Preferably, the thin film layer is a polymer. More preferably, the thin film layer is any one selected from the group comprising: polymethyl methacrylate (PMMA), polyvinylidene fluoride (PVDF) and its copolymers (e.g. polyvinylidene fluoride-co-trifluoroethylene (P(VDF-TrFE)), poly(3-hexylthiophene) (P3HT) and polylactide (PLA).

Preferably, the graphene layer is a matrix of graphene embedded in a thin film.

Preferably, the graphene tape further comprising a second nanocomposite layer disposed on the support layer on a surface opposite the first nanocomposite layer.

Preferably, the nanocomposite layer comprising a plurality of alternating thin film layers and graphene layers.

Preferably, the graphene tape further comprising an adhesive layer disposed between the support layer and the nanocomposite layer, wherein the thin film layer is disposed between the adhesive layer and the graphene layer.

Preferably, the graphene tape further comprising a first protector layer disposed on the support layer on a surface opposite the nanocomposite layer. In addition, the graphene tape may further comprise a second protector layer disposed on the nanocomposite layer on a surface opposite the support layer.

Preferably, the graphene layer is patterned. By “patterned”, it is meant to also include any modification and/or functionalization. The graphene layer may be functionalised according to the description of graphene. The thin film layer may also be modified but this could be considered part of the thin film deposition process which will be described in detail later.

Preferably, the target surface is any one selected from the group comprising: silicon wafers, glass, quartz, mica, polyethylene terephthalate (PET), polyimide foils and paper, and any other surface that has been prepared on such substrates.

In a second aspect of the present invention, there is provided a method of forming a graphene tape, the method comprising: (a) providing a substrate; (b) forming a graphene layer on the substrate; (c) depositing a thin film layer on the graphene layer; (d) applying a supporting layer on the thin film layer; (e) removing the substrate

Preferably, the method further comprising the step of applying a protector layer in place of the substrate.

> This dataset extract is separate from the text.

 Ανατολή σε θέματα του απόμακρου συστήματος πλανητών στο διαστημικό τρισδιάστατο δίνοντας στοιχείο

Preferably, the thin film layer is a non-sacrificial thin film layer.

Preferably, the thin film layer is adapted to provide a functionality to the graphene layer.

Preferably, the method further comprising cleaning the graphene layer prior to depositing a thin film layer on the graphene layer.

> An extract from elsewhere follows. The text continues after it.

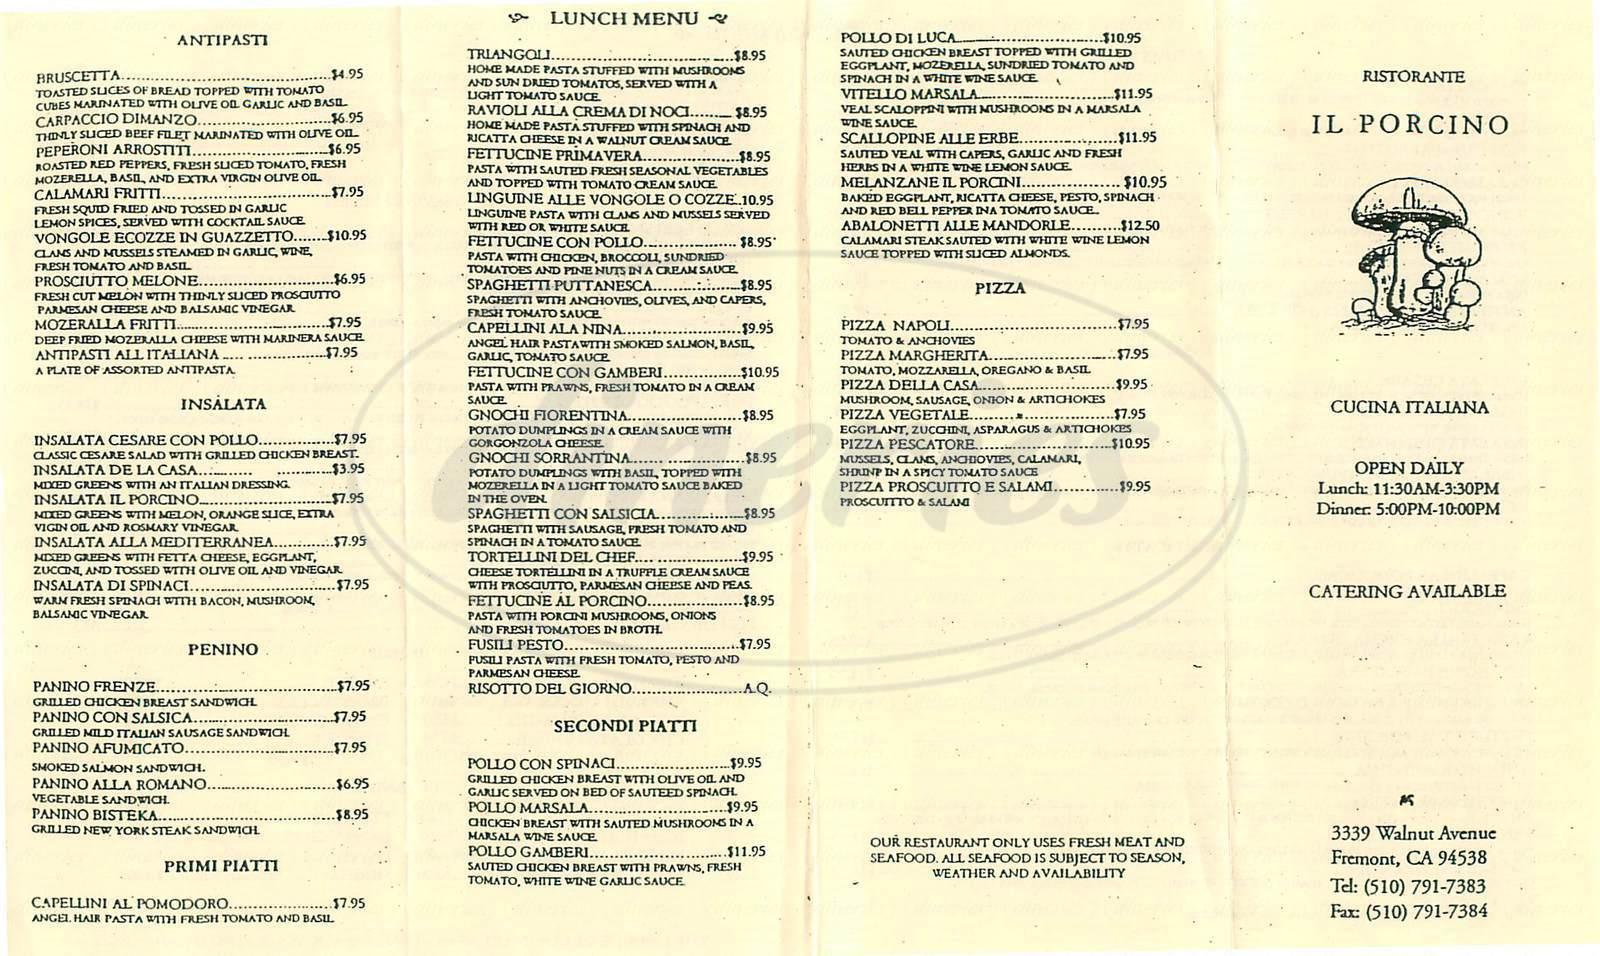 menu for Ristorante Il Porcino

Preferably, the step of depositing the thin film layer on the graphene layer is any one selected from the group comprising: bar-coating, spin coating, spray coating, polymer evaporation, Langmuir-Blodgett deposition, dip coating, doctor blade, slot-die coating, film lamination and direct deposition from melt.

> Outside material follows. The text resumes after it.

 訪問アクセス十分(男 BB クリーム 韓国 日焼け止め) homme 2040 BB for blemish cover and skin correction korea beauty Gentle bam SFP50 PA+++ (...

Preferably, the step of applying the supporting layer on the thin film layer is by any one from selected group comprising: electrostatic transfer and processes involving applying pressure such as, rolling, laminating, hot-pressing or autoclave processing.

Preferably, the step of removing the substrate is any one selected from the group comprising: chemical removal, electrostatic transfer and chemical delamination.

Preferably, the steps (b) and (c) are repeated after step (e) to obtain multiple layers of thin films and graphene layers.

Preferably, the method further comprising patterning the graphene and thin film layers.

Preferably, the thin film layer is a polymer and is any one selected from the group comprising: polymethyl methacrylate (PMMA), polyvinylidene fluoride (PVDF) and its copolymers (e.g. polyvinylidene fluoride-co-trifluoroethylene (P(VDF-TrFE)), poly(3-hexylthiophene) (P3HT) and polylactide (PLA).

Preferably, the substrate is a metal substrate. More preferably, the metal substrate is copper.

Preferably, the protector layer is a self-release layer.

In another aspect of the present invention, there is provided a product comprising a graphene tape according to the first aspect of the invention. In a further aspect of the present invention, there is also provided a method of forming a product comprising applying the graphene tape according to the first aspect of the invention onto a surface of the product.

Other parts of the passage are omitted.